По утрам над Горноуральском поют гудки.
Первым затягивает сипловатый, натужный голос «старика», положившего начало городу; затем из-за леса, постепенно набирая силу, вступает трубный, похожий на крик лося, гудок нового металлургического; его подхватывает раскатисто-удалой бас машиностроительного, потом звучит хриплый, бессонный голос паровозного депо, его будто старается перекричать высокий, с присвистом сигнал железного рудника, а там уж вступают в нестройный хор разноголосые гудки рудников, шахт и небольших заводов Горноуральска, которым нет числа.

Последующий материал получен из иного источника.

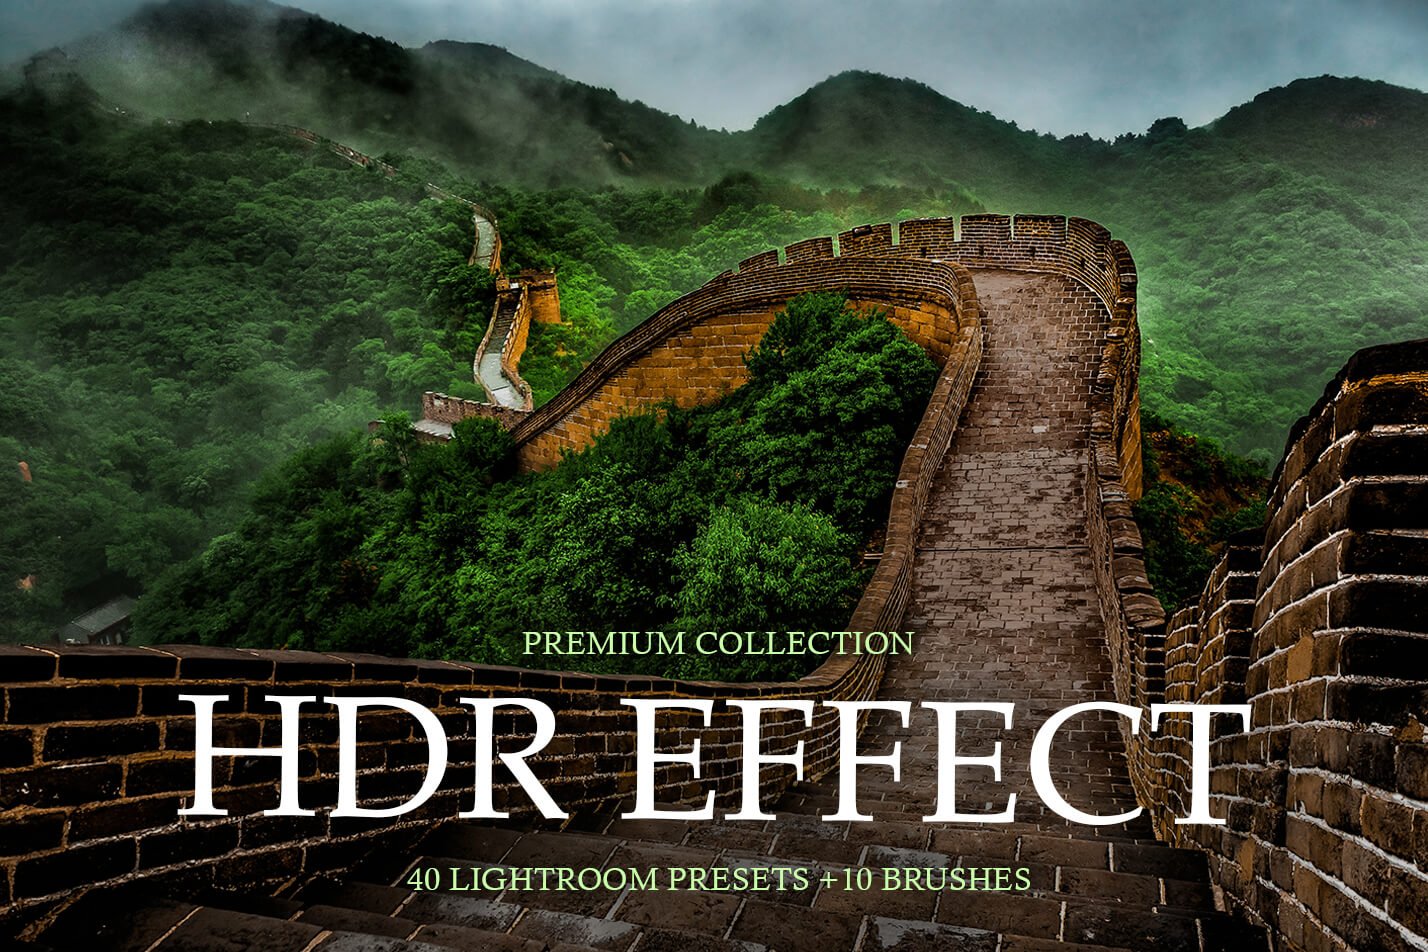 HDR Effect Lightroom Presetscover image.

Как только умолкает пение, тишина ненадолго сковывает почти ощутимо тугой морозный воздух, и тогда слышен шорох падающих снежинок, злой посвист быстрой позёмки, далекие и словно несмелые звонки первых трамваев и напоминающий шум соснового бора рокот приближающегося к городу первого рабочего поезда.
Хлопают калитки, то здесь, то там в серой утренней мгле возникают одинокие фигуры прохожих, а через несколько минут улицу до краев, как в праздник, заполняет людской поток. Он разрастается, вбирая в себя такие же потоки, выбегающие из боковых улочек и переулков, и течет, течет, разливаясь по всему городу.
Каждое утро в этом потоке можно было встретить и слесаря депо Митю Черепанова. Каждое утро он выходил из дому сонными, неверными шагами, но, захваченный стремительным движением, не замечал, как слетала сонливость.
На паровозе все было по-другому, солнце успело обойти полнеба, люди уже устали трудиться, а ты только собираешься на работу; весь город спит, а ты один шагаешь по пустынным улицам — в наряд. В этом, конечно, была своя особая прелесть паровозной службы. Но что могло сравниться с ощущением, которое испытываешь, идя на трудовую смену в этом людском разливе, сознавая себя частицей большой, неисчислимо огромной массы людей, именуемой рабочим народом!
В депо горели огни. Заиндевелые стекла в больших синих окнах отсвечивали то изумрудным, то лунно-голубым сиянием.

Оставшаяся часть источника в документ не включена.